Roll Your Own String Search Function

How do you search for one string within another string? Brute force! That means, you size up each character one at a time until you find the perfect match.

I’m certain other search methods and algorithms exist beyond the brute force method. In fact, it may not be brute force as much as it’s simply searching for something the way humans do: One letter at a time.

For example, to find yst in the word haystack you start by comparing y to h. No match.

Compare y to a. No match.

Compare y to y. Match! So compare the next two letters: s to s. Match! And you keep on going until the entire word is found — or until the end of the search string.

The following code demonstrates this process. The search string is pointer variable haystack. The string to find is pointer variable needle:

#include <stdio.h>

int main()
{
    char *haystack = "Was this the face that launch'd a thousand ships";
    char *needle = "face";
    char *base,*found;
    int i,offset;

    printf("Finding '%s' in:\n%s\n\n",needle,haystack);

    /* retain original pointer locations */
    base = haystack;
    found = NULL;       /* initialize */

    /* find the string */
    while(*base)
    {
        if(*base == *needle)
        {
            i = 0;
            while(*(base+i) == *(needle+i))
            {
                i++;
                if(*(needle+i) == '\0')
                    found = base;
            }
        }
        base++;
        if(found != NULL)
            break;
    }

    if( found == NULL)
        puts("String not found");
    else
    {
        offset = (int)found - (int)haystack + 1;
        printf("Found at offset %d.\n",offset);
    }

    return(0);
}

The central part of this code is a simple while loop, which starts at Line 17. Stripped of the text-searching statements, here’s the loop:

while(*base)
{
    base++;
}

So as long as the value *base isn’t the \0 character (the end of the string), the loop keeps spinning, processing the string one character at a time.

On the loop’s journey, the if condition at Line 19 tests whether two characters of both strings match. If so, a second search begins. Otherwise, the base pointer (the string to search) is incremented, and the loop compares the next two characters.

When two characters match, the actual comparison begins. Index variable i is initialized at Line 21.

A nested while loop at Line 22 compares subsequent characters by incrementing though both strings (without changing the base address). Characters are compared. The loop stops at a mismatch due to the while statement’s condition.

The if condition at Line 25 determines whether the full match was found: If the null terminator at the end of string needle has been reached, the found pointer is set equal to the location of the matching text.

The while loop at Line 17 has a second terminating condition, which is triggered when the found pointer isn’t NULL, i.e., when the matching text has been found.

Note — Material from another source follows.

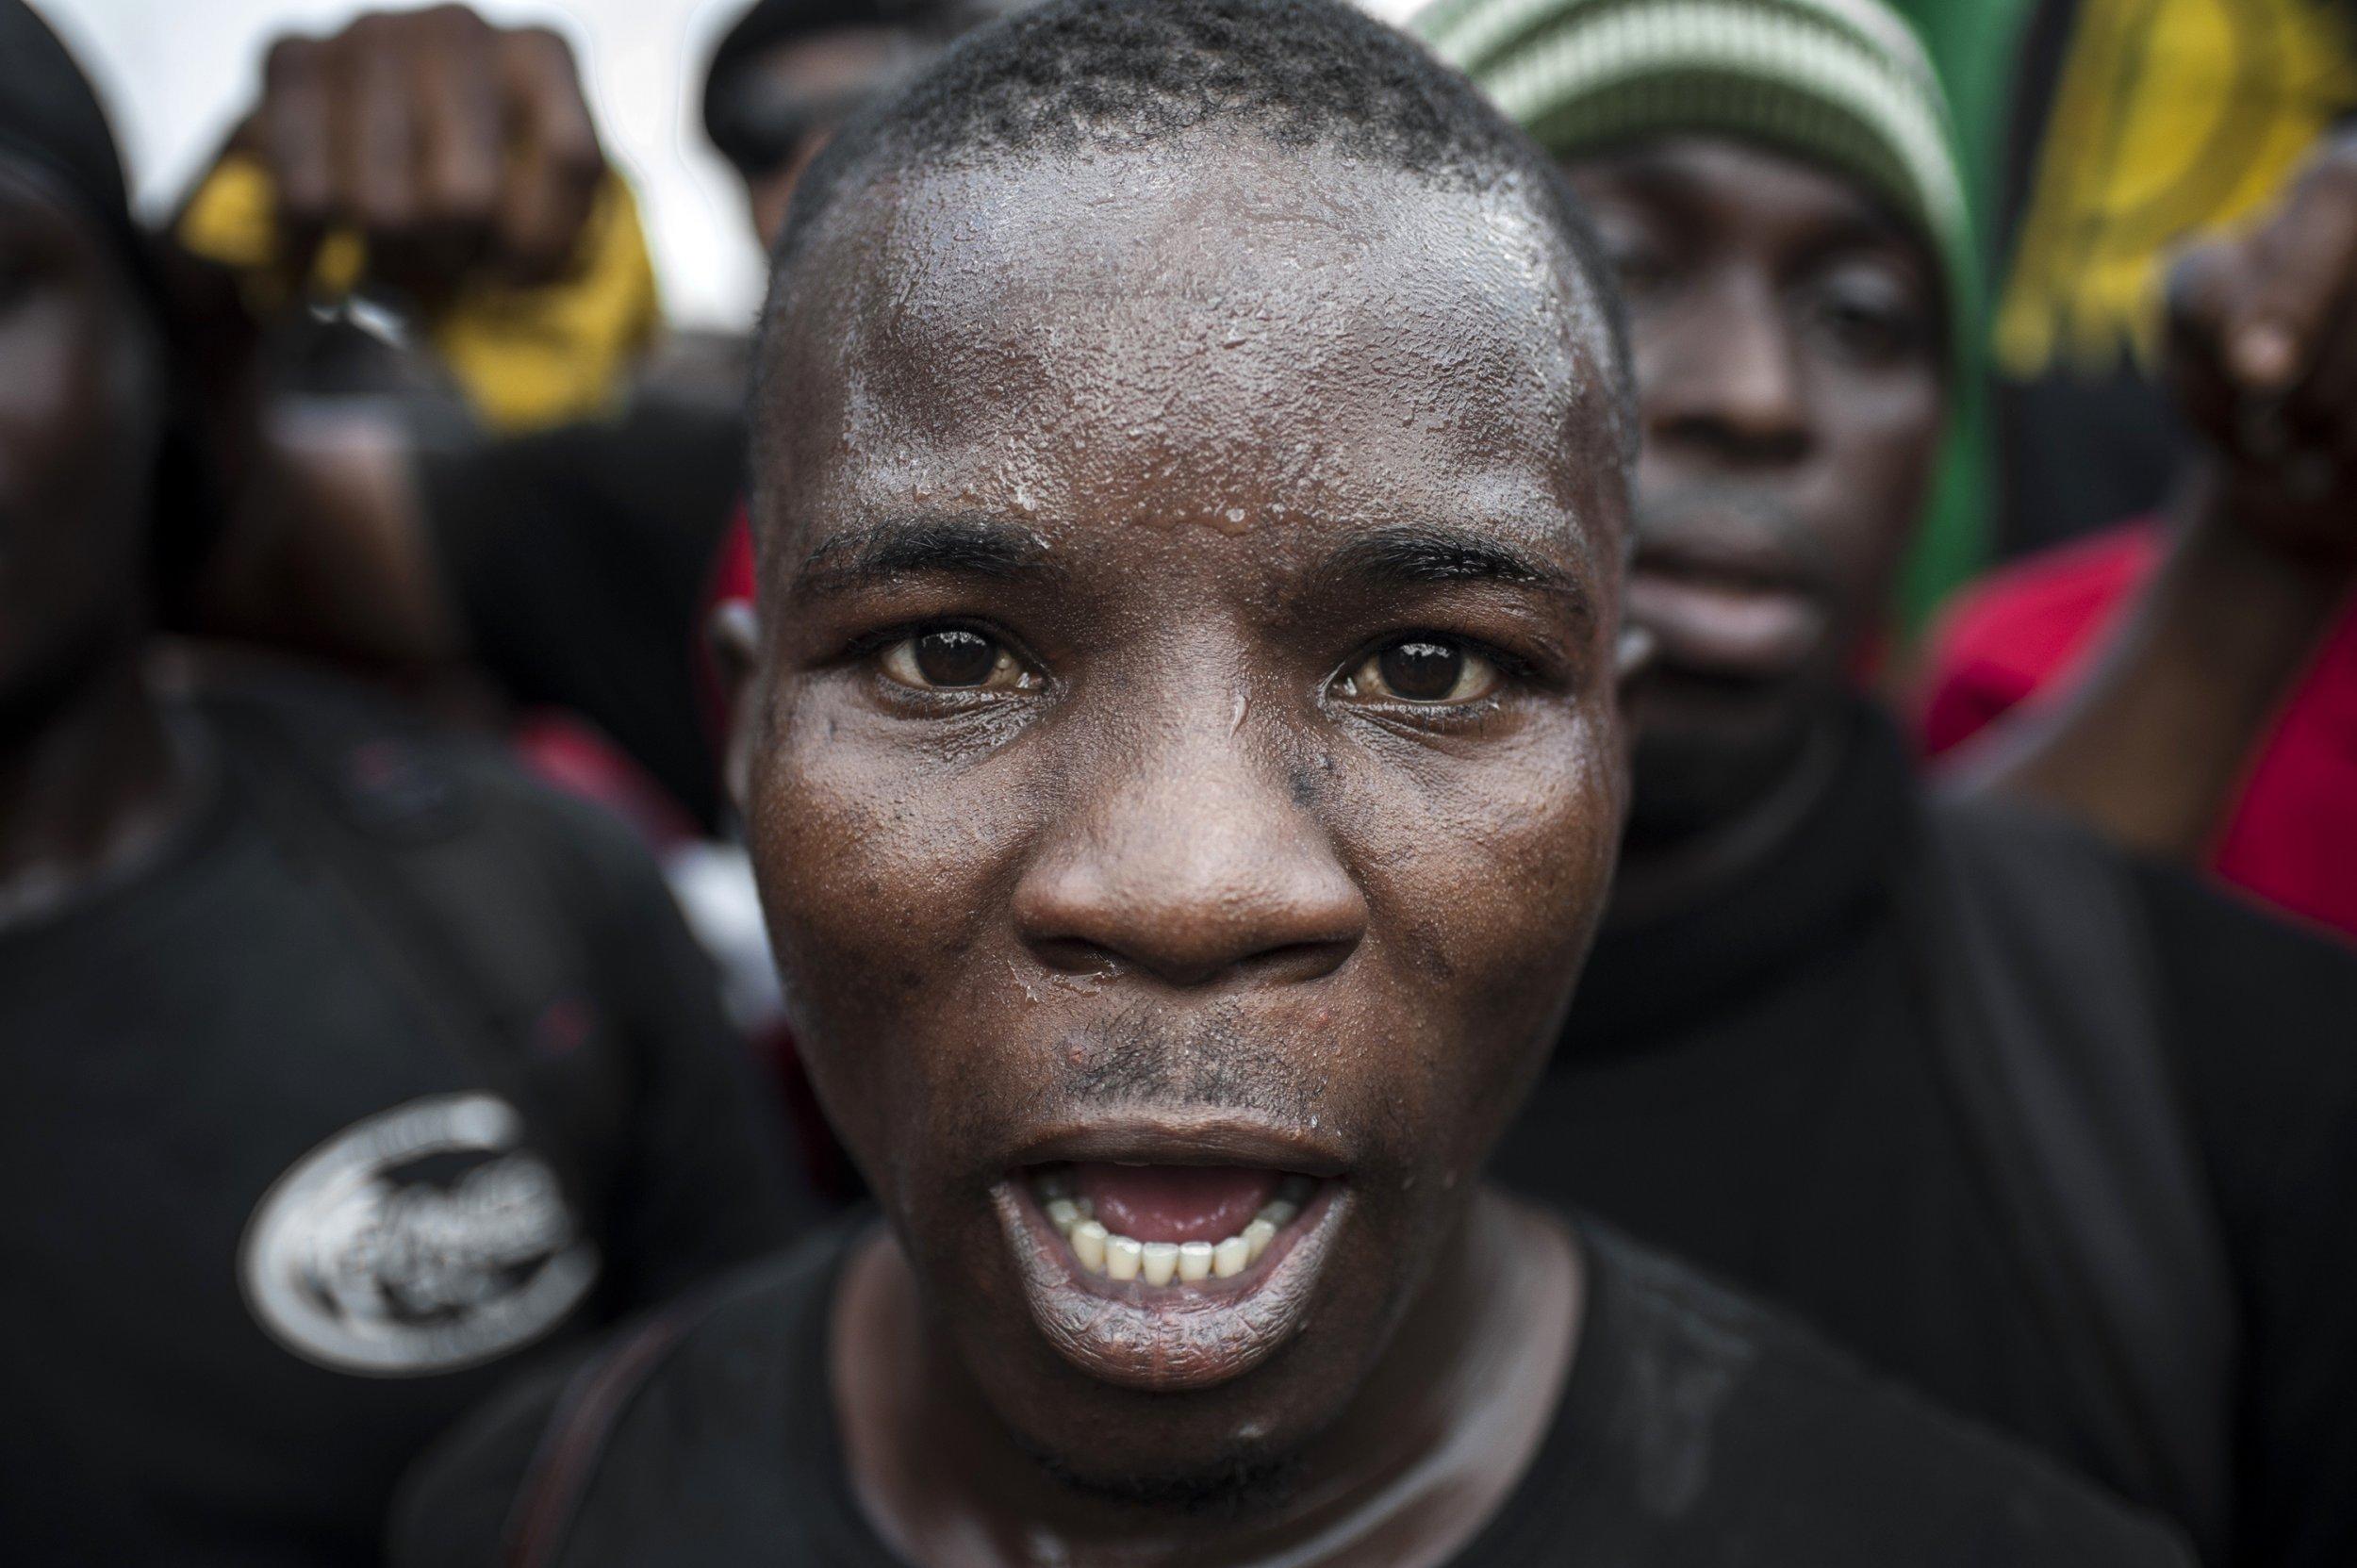 Biafra supporter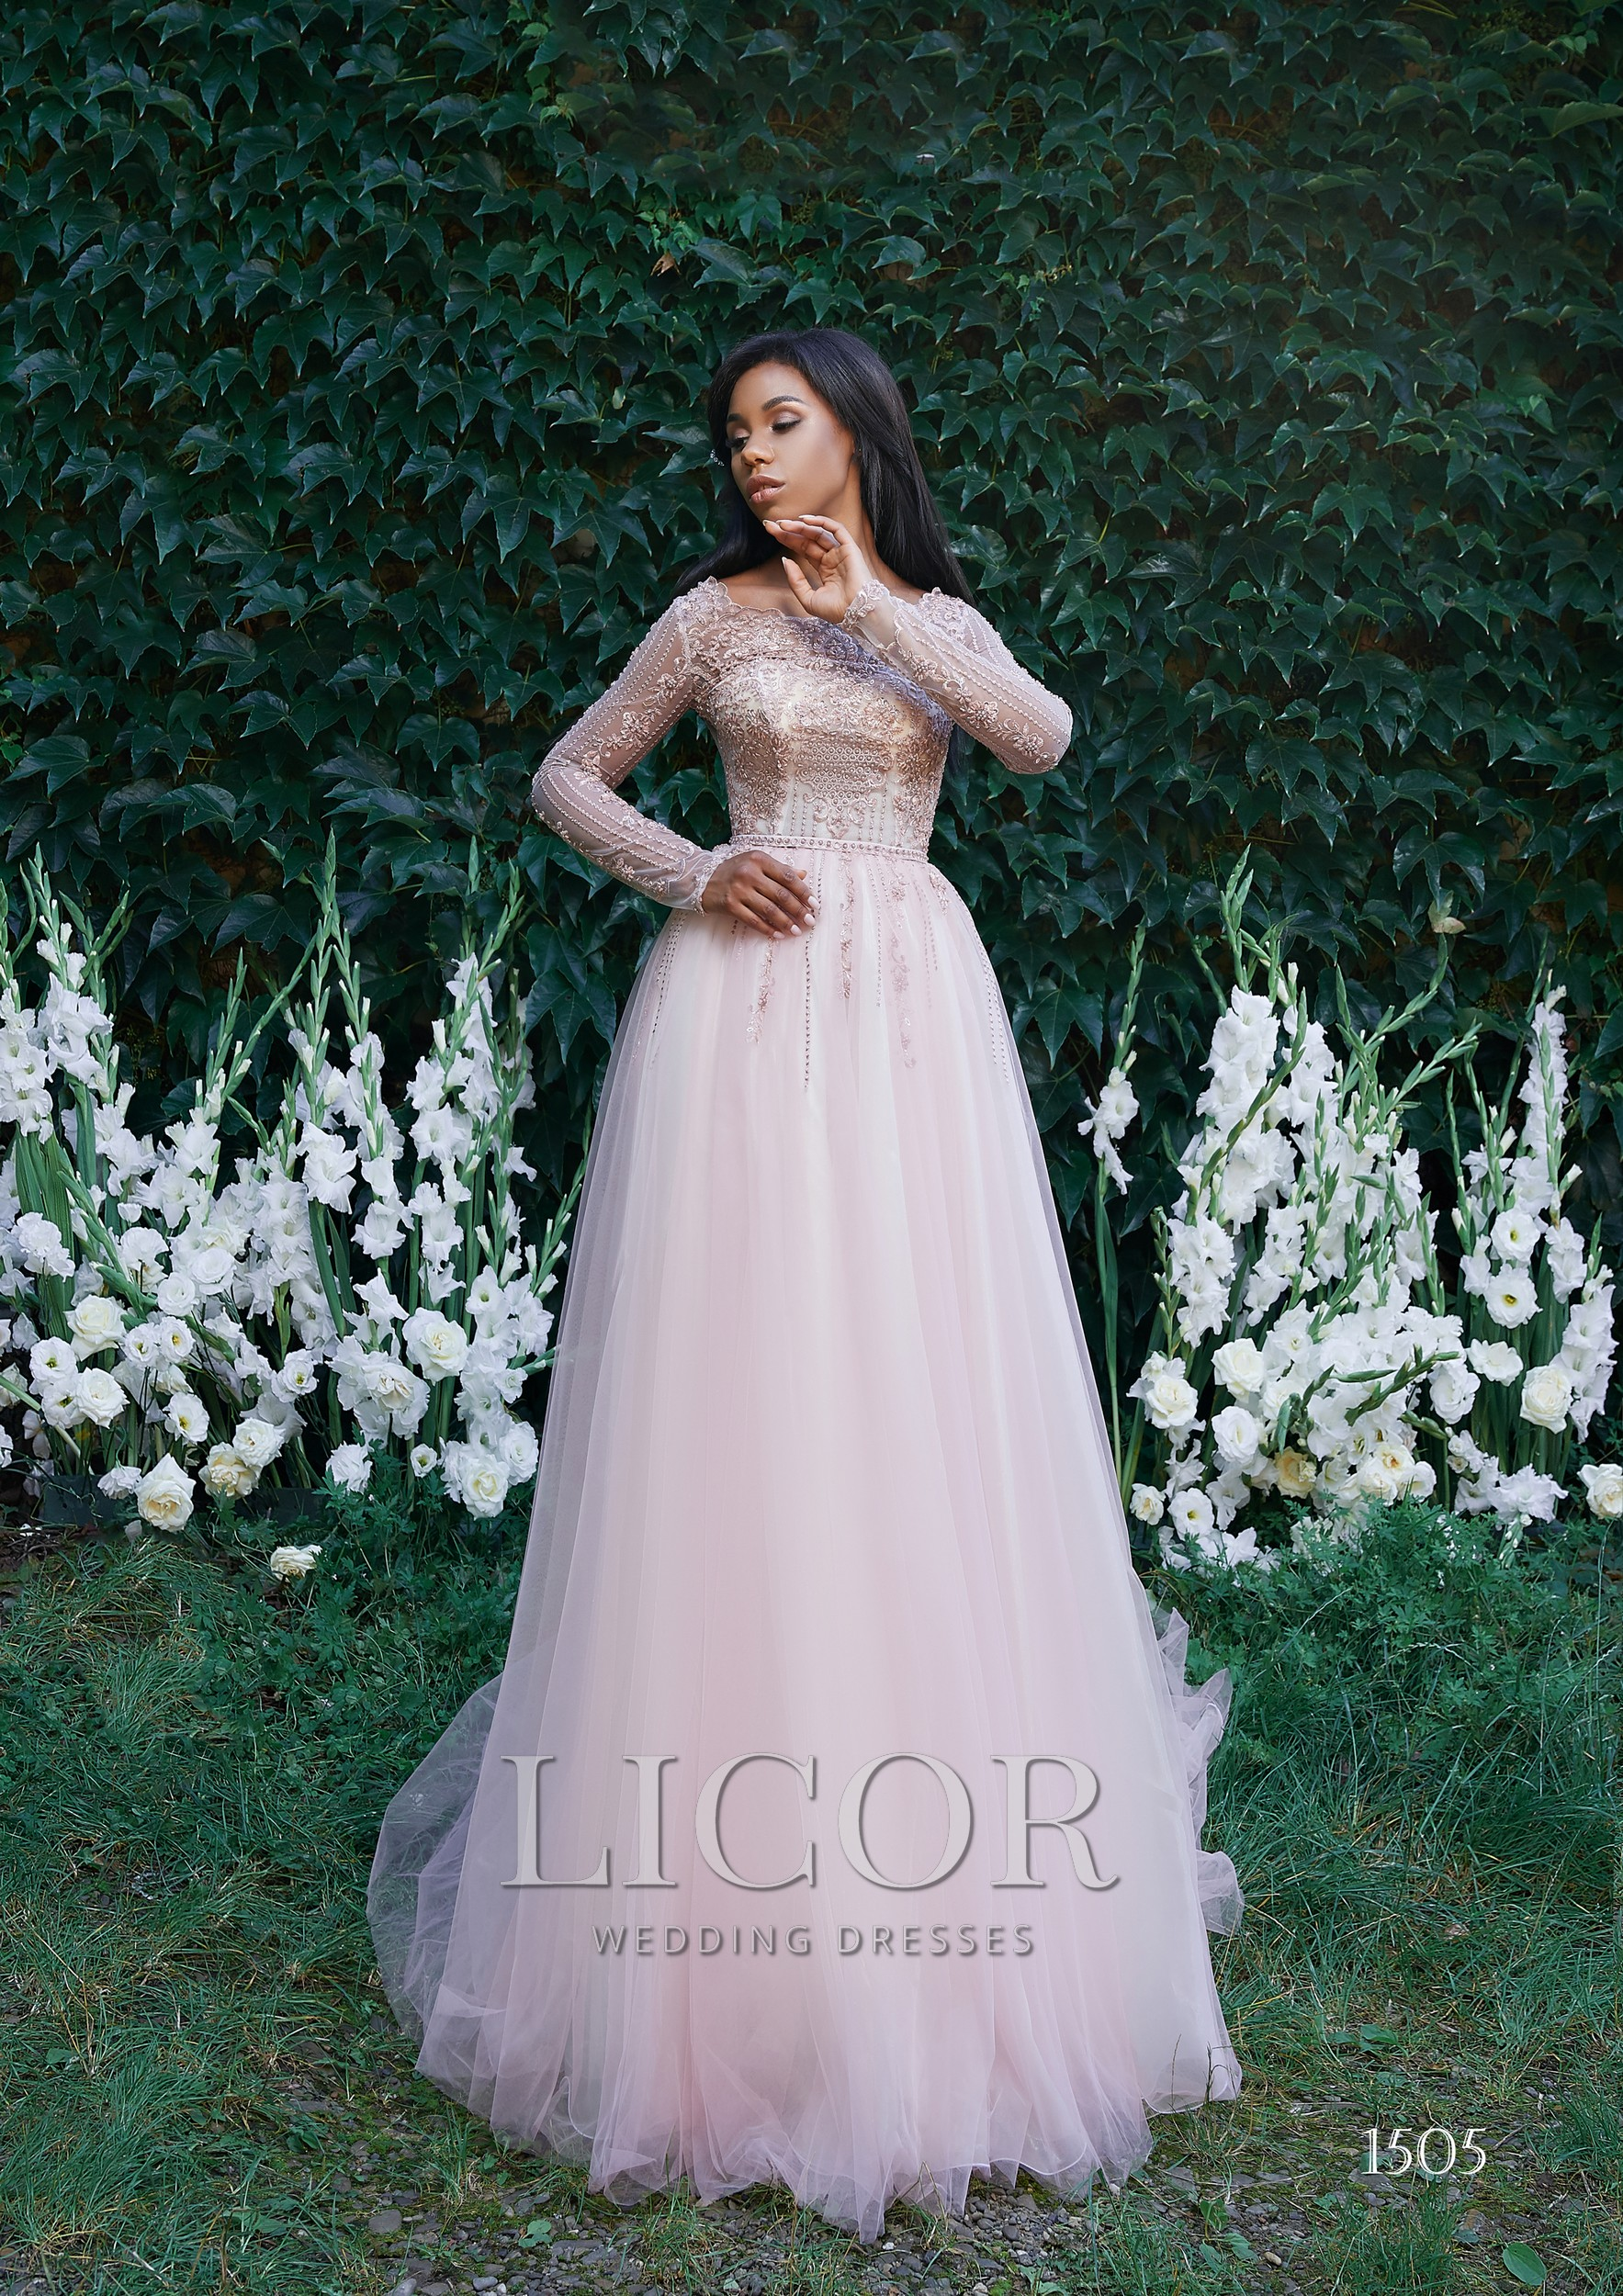 https://licor.com.ua/images/stories/virtuemart/product/1505-1.jpg

By the way, you could re-write Line 30 to read:

if(found)
    break;

And line 34 to read:

if(!found)

Both statements read better that way, but the concepts may not be as clearly presented as shown in the code.

Here’s the output:

Finding 'face' in:
Was this the face that launch'd a thousand ships

Found at offset 14.

Test it a few times by replacing the haystack and needle strings with text of your own concoction.